Since the season started, there have been more than 280 concussions in the NFL. That is an average of 12 concussions per week. Though it claims to take head injuries very seriously, the National Football League holds this data relatively close. It releases yearly statistics, but those numbers are published in aggregate, making it difficult to glean specific insights.

I have been tracking these injuries all season. Using a variety of methods, including reviewing daily injury reports from NFL.com, I have created what I believe is the most complete dataset of individual concussions sustained during the 2017-2018 season.

The resulting film, “Concussion Protocol,” is a visual record of every concussion in the NFL this year.

This film does not make an argument for ending football. Rather, it invites a set of questions. In the spirit of Saidiya Hartman, I am interested in “defamiliarizing the familiar.”

When we watch American football, what are we seeing?

By cutting together only these scenes of injury — moments of impact, of intimacy, of trauma — and reversing them, I hope to open up a space to see some of this violence anew.

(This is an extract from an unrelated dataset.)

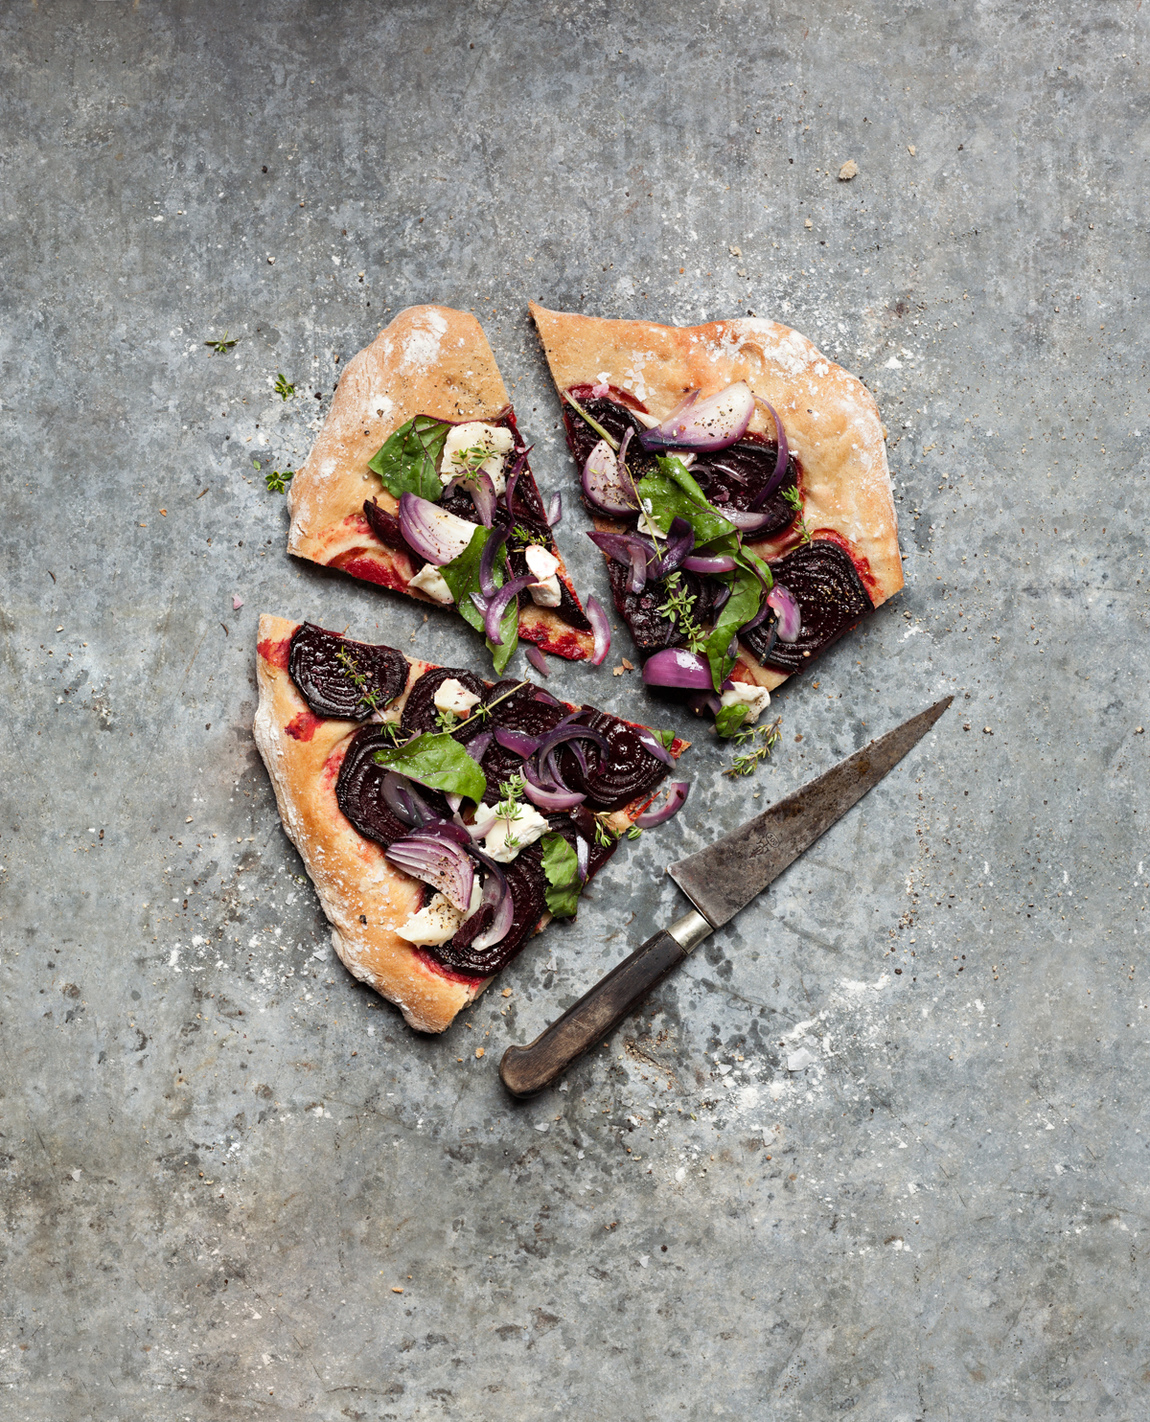 Eveline Johnsson - Junk food vego

In his recent book “Black and Blur,” Fred Moten asks, “What is it to rewind the given? What is it to wound it? What is it to be given to this wounding and rewinding?”

Representing this series of collisions in reverse — and in slow motion or “dragged time” — I hope to make strange what has for many of us become normative: the spectacular, devouring moment of a football hit that knocks a player out cold.

Rather than making a film about concussions with a flurry of hard hits, however, I am interested — inspired by Hartman — in looking elsewhere. How might we see the totality of this violence without just replaying the violence itself? “By defamiliarizing the familiar,” Hartman writes in “Scenes of Subjection,” “I hope to illuminate the terror of the mundane and quotidian rather than exploit the shocking spectacle.”

In a moment when black athletes are being chastised for kneeling in protest of police violence, it should not be lost on us that calls to “get back on the field” or “stick to football” are also calls for players to subject themselves to the slower forms of violence the football field contains.